Der Literatur- und Editionswissenschaftler Hans-Gerd Koch, der seit 1982 die Kritische Kafka-Ausgabe betreut, hat ein erbauliches, mit vielen zeitgenössischen Fotos versehenes Büchlein „Kafka in Berlin“ veröffentlicht. Er verfolgt die Besuche Kafkas in Berlin bzw. Kafkas Eindrücke von Berlin, die dieser in Briefen oder Tagebüchern festgehalten hat.
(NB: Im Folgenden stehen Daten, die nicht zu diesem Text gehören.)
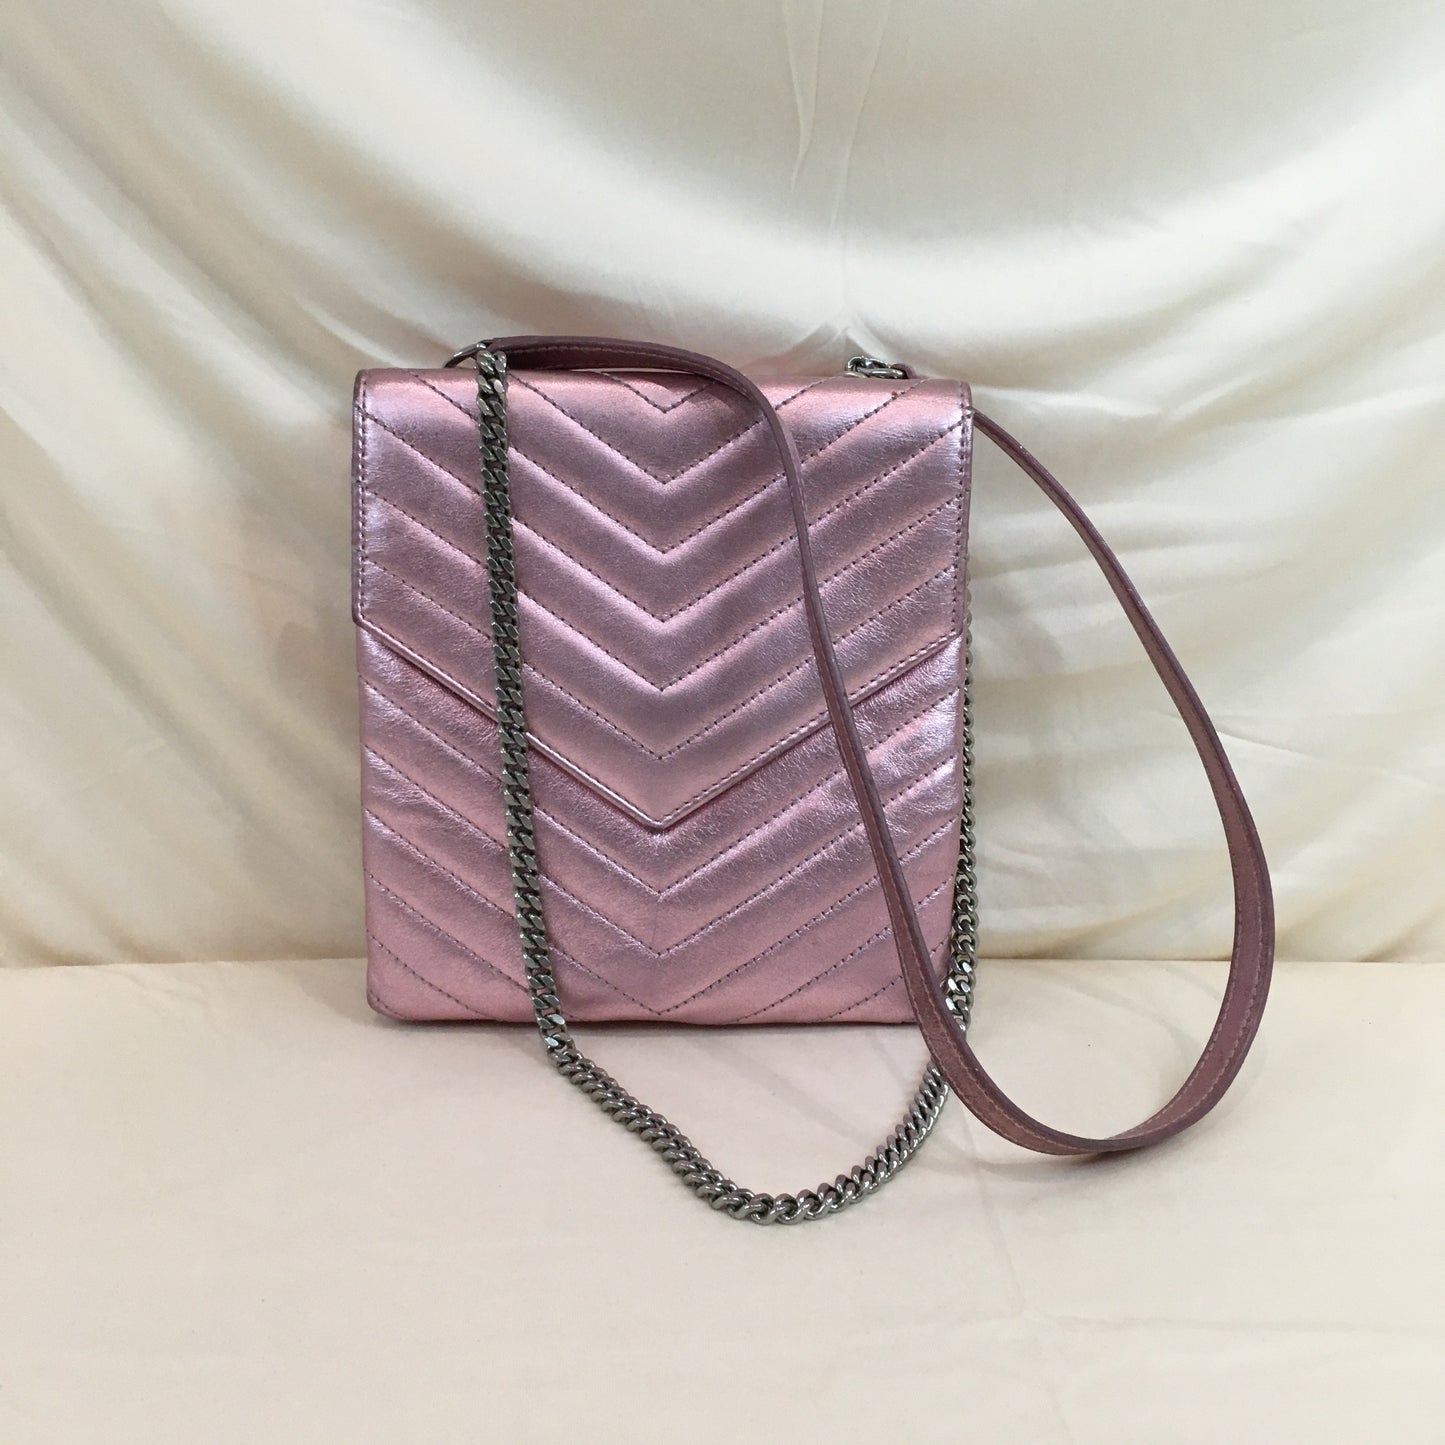 Yves Saint Laurent Pink Calfskin Double Flap Crossbody Bag Sku# 70066

Da Kafka aber keine ausführlichen Berlin-Berichte gab, ergänzt er sie durch die Sichtweisen anderer Autoren von Fontane bis Robert Walser, Egon Erwin Kisch oder Kurt Tucholsky auf das damalige Berlin. Er zieht Längs- und Querschnitte durch das wilhelminische und nachwilhelminische Berlin, sein Vergnügungs- und Theaterleben. Denn auch Felice hat dem Prager Dichter, der bald ihr zweimaliger Verlobter wurde, von ihrer täglichen Arbeitswelt, ihren Besuchen im Metropoltheater und im Kino, ihren Tanzvergnügungen – man tanzt gerade den Tango in Berlin – und vielem anderen berichtet. Kafka erwartete täglich ihre Briefe – er macht sogar Vorschläge zur Vermarktung der phonographischen Apparate in ihrer Firma -, und sie musste ihm auch das Unbedeutendste in ihrem Berliner Tagesablauf erzählen. Koch stellt die berechtigte Frage: War Kafka nun eigentlich in Felice oder in Berlin verliebt? Während ihrer fünfjährigen Beziehung war Kafka allein nur 20 Tage in Berlin gewesen, aber ihre paradoxe Beziehung, die von Ferne und Nähe, prägte Linien, die auch ins literarische Werk Kafkas führen.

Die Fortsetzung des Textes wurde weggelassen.